The command is more flexible than this description of default behaviour
implies. The intervals can be suppressed and the dot plot can be recast()
to another kind of twoway plot.

Remarks

Wilkinson (2006) briefly reviews Pareto charts which commonly combine two
displays in one. Frequencies in various categories are shown by a series
of bars arranged in frequency order, from most common downwards.  On that
is often superimposed a rising curve showing cumulative frequency.
Frequency and cumulative frequency may or may not have consistent scales.
Examples from quality management studies often show categories of
accidents, complaints, defects, failures, rejects, returns, or other such
unwelcome phenomena. Wilkinson gives several cogent criticisms of this
design and suggests an alternative: show frequencies in order, but by a
dot plot, but add as reference a series of acceptance intervals.

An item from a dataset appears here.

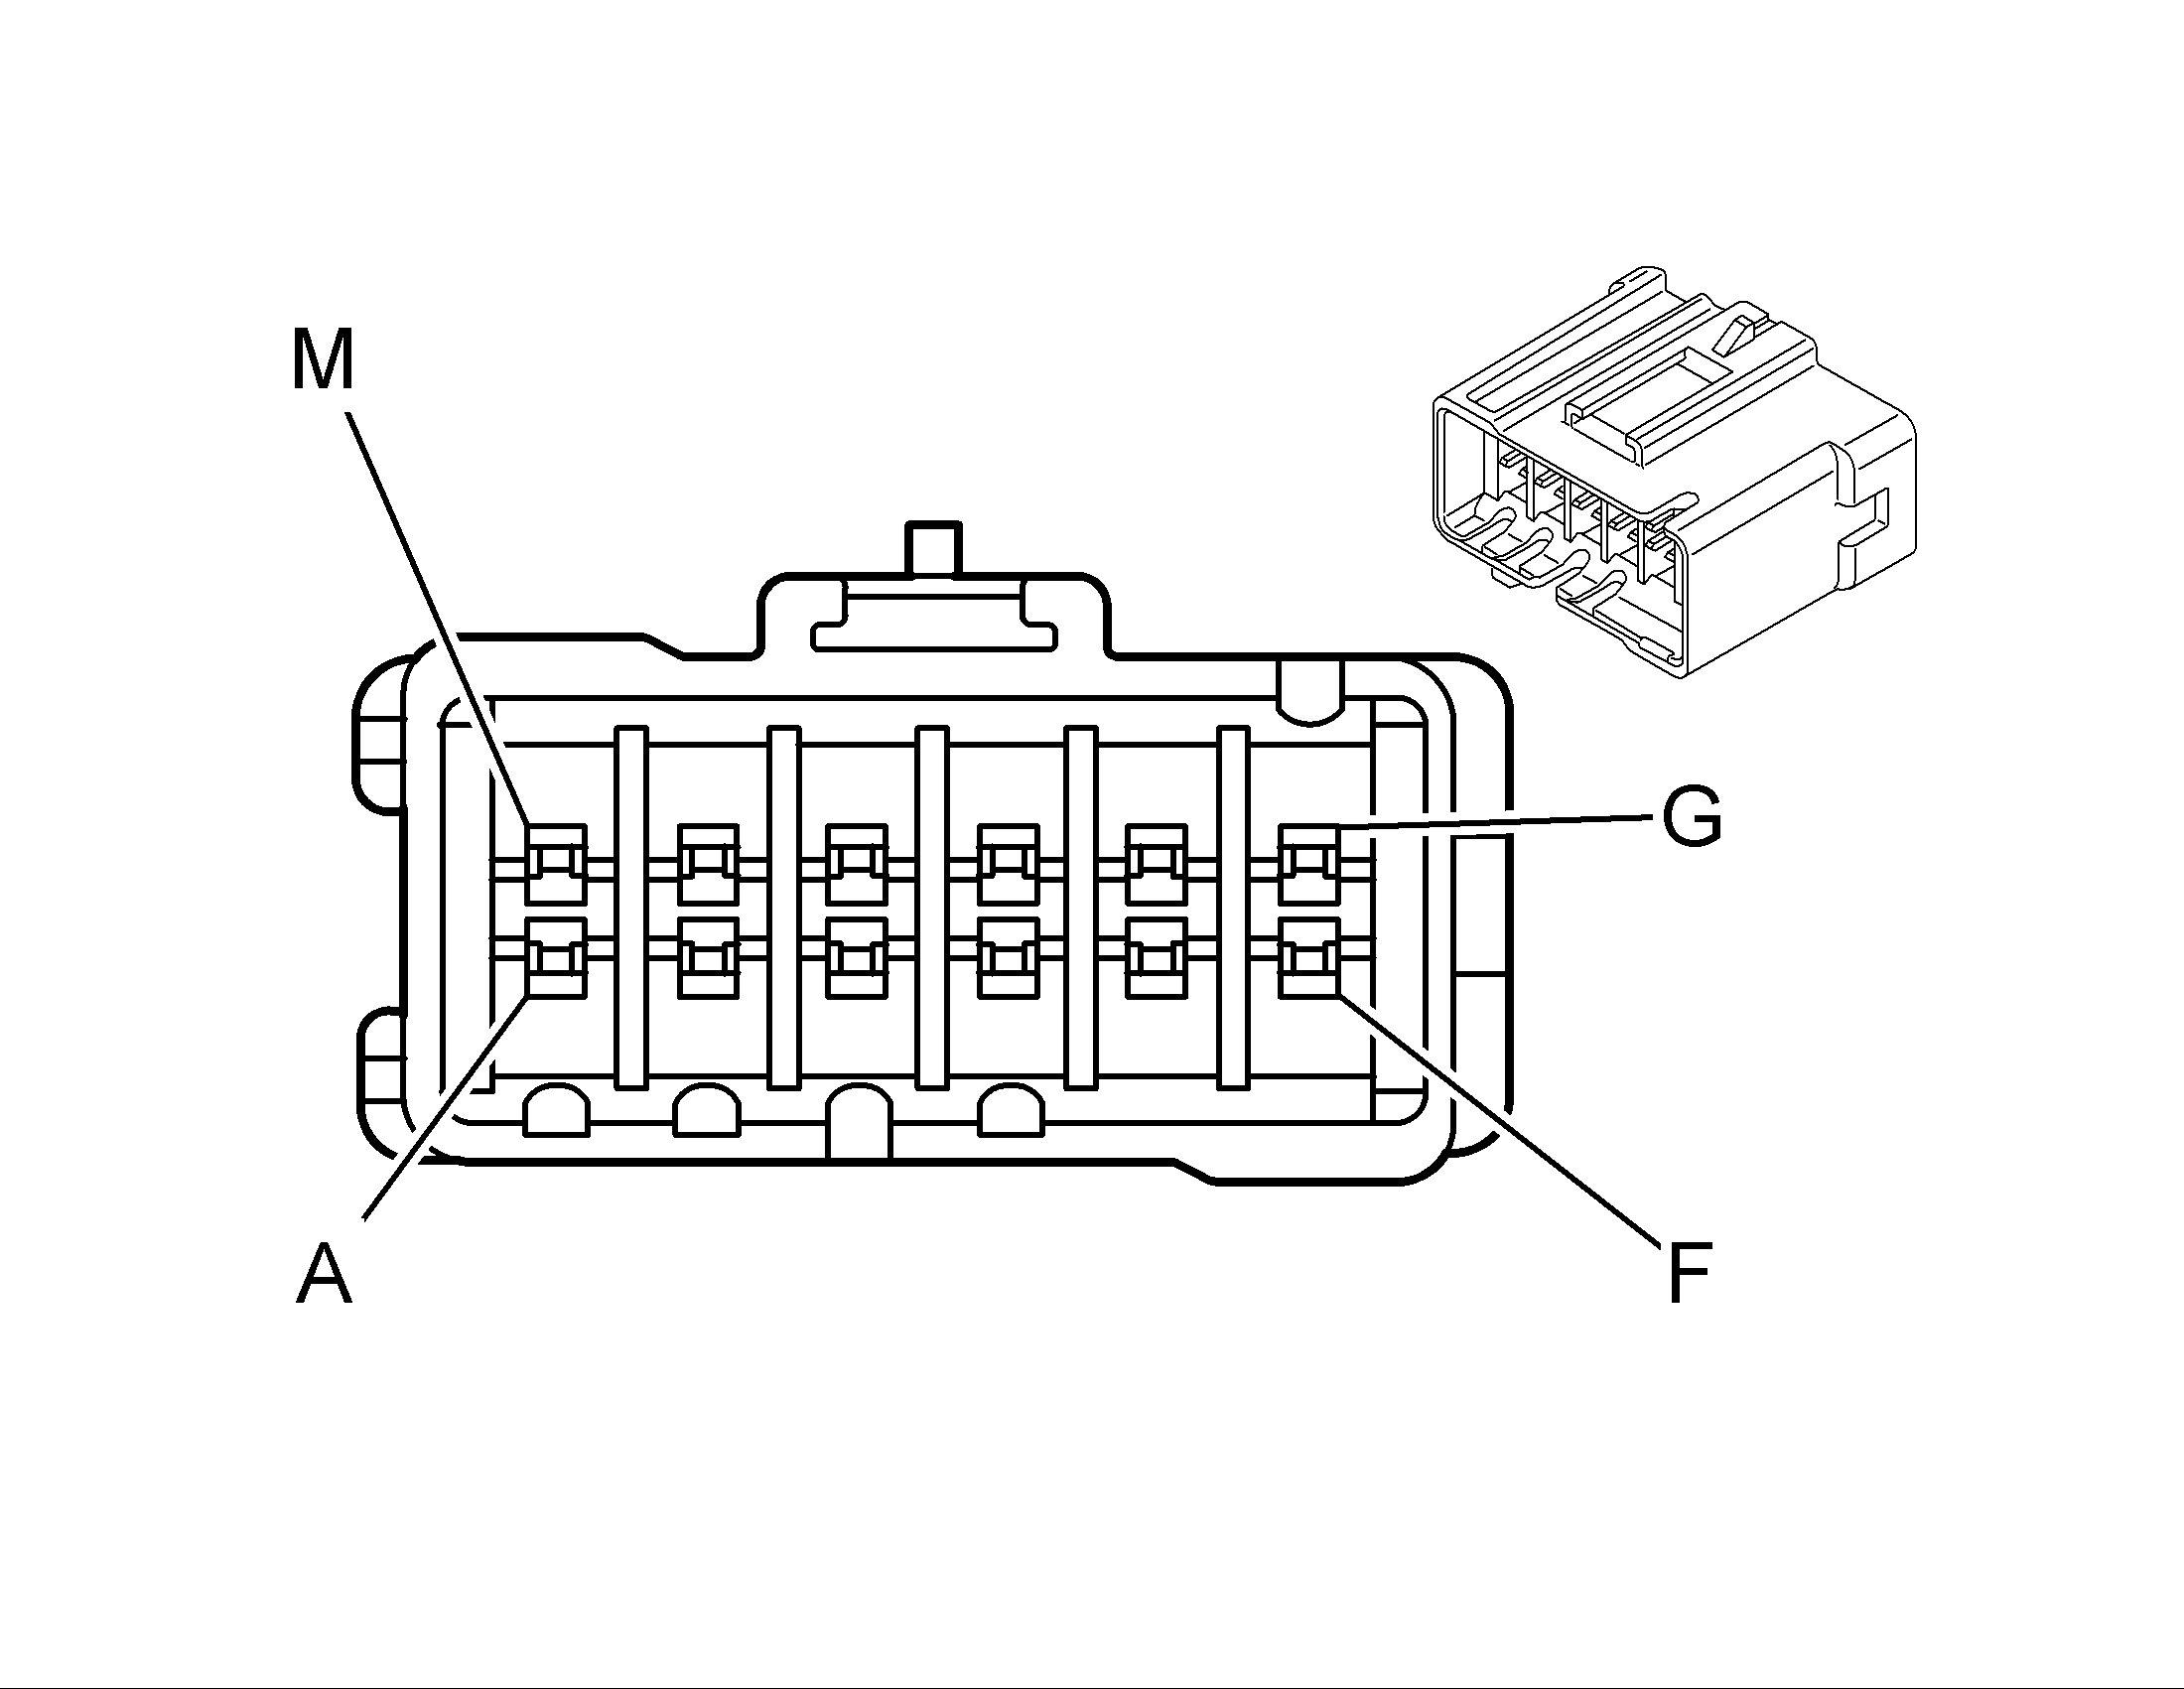 er motor schematic

The acceptance intervals are calculated by simulation. Imagine as
benchmark a population in which k categories are equally probable, and
imagine taking samples of size n. Here k and n are the same as those in
the data under consideration. Just by chance the observed frequencies of
the k categories will typically differ. For each sample we can label the
frequencies f_(1) >= f_(2) > ... >= f_(k-1) >= f_(k): thus f_(1) is the
frequency of the most abundant category, and so forth. Across several
samples we can get order statistics for each f_(j) and use those to
calculate intervals with desired coverage.

The acceptance intervals should not be overinterpreted, for various
different reasons. First, the reference distribution is just an agnostic
guess assuming that we know just the numbers of values and categories and
that we have no reason to suppose that categories differ in probability.
More commonly, we would not really expect that the categories are equal
in probability; it is just that we would rarely know how to make our
expectations precise. Second, although making the sample size bigger will
stabilise results, some variability will always be experienced in
intervals produced by simulation. Third, there are various slightly
different recipes for producing percent points from order statistics and
only one is wired in here.

Vilfredo Pareto (1848-1923) was an Italian sociologist, economist and
philosopher, perhaps best remembered for his work on income distributions
and what is now called Pareto efficiency.  See
http://en.wikipedia.org/wiki/Vilfredo_Pareto.  Contrary to many
statements, there appears to be no evidence that he used what is now
known as the Pareto chart, which seems to have emerged in quality
management after 1951. See Wilkinson (2006) for more on the latter point.

Pareto charts are commonly shown as vertical bar charts with the awkward
consequence that long text labels are aligned vertically or obliquely,
and so made difficult to read. The horizontal option allows you to
override the default.

Options

aiopts(options) are options tuning the appearance of the acceptance
intervals. Note that the default options are barw(0.2) bcolor(none).
The bars are laid down before the dots, so more colourful bars are
possible. For comparison note that the bars are centred at ranks 1,
2, etc., so that the default bar width is 20% of the possible.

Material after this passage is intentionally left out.